According to Fox Business (Megan Henney, January 21, 2022):

“Baver lied on loan applications to fraudulently receive $10 million from the Paycheck Protection Program – some of which she invested in a movie about the serial killer Ted Bundy, prosecutors say.

Baver allegedly claimed in some applications for PPP funding that her company had an average monthly payroll of $4 million and 105 employees, according to the indictment. In others, she said she had 430 workers. But the indictment alleges that Baver actually had no employees or monthly payroll.”

The PPP funds were most often life savers for millions of businesses, but there were unethical entities such as Allison Baver Entertainment that were no more than shells and scams.

Undoubtedly, Baver felt that no one was watching and no one would care if she “faked it until she made it.” She should have known better.

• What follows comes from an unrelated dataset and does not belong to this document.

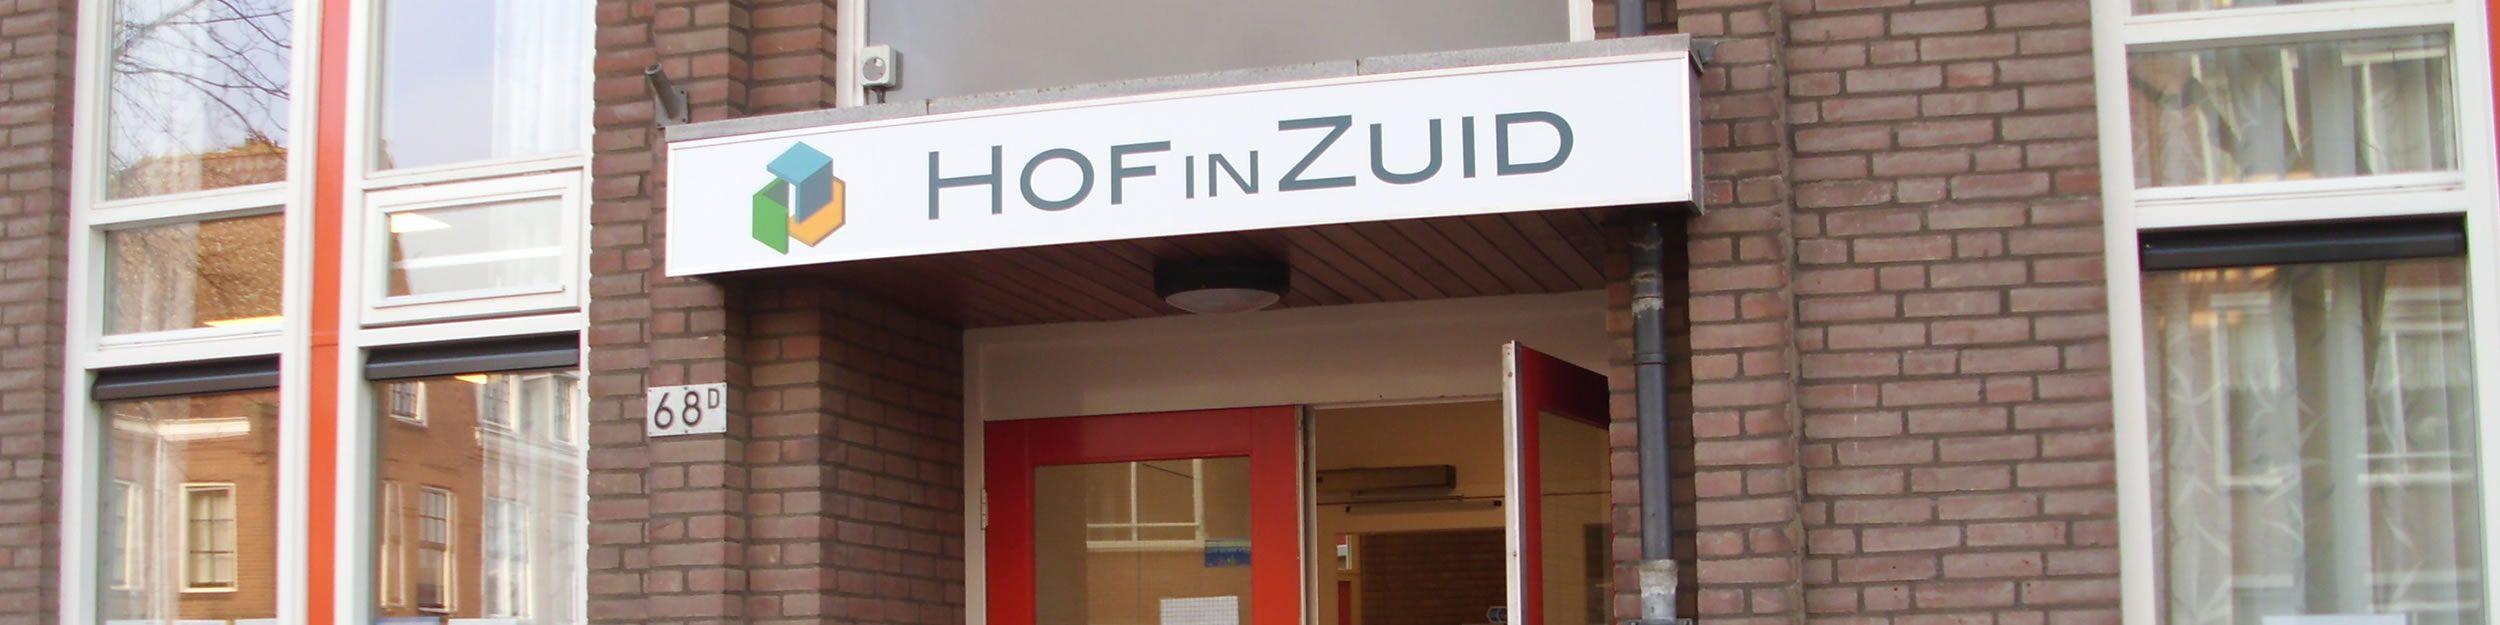 Hof in Zuid Schiedam

Neither Hollywood nor the Olympics work that way. There is no substitute for doing things the right way. The money was not hers to take, especially while millions of workers and their organizations desperately needed the funds to survive. She may have once been an elite talent on the ice, but such status does not guarantee freebies and glamor shots for life.

Allison Baver “has been charged with eight counts of making a false statement to a bank and one count of money laundering…federal prosecutors want Baver to forfeit roughly $9.7 million of the money. She also faces up to 40 years if convicted on all counts.”

It is an all-around tragedy of the awful consequences of intentional fraud.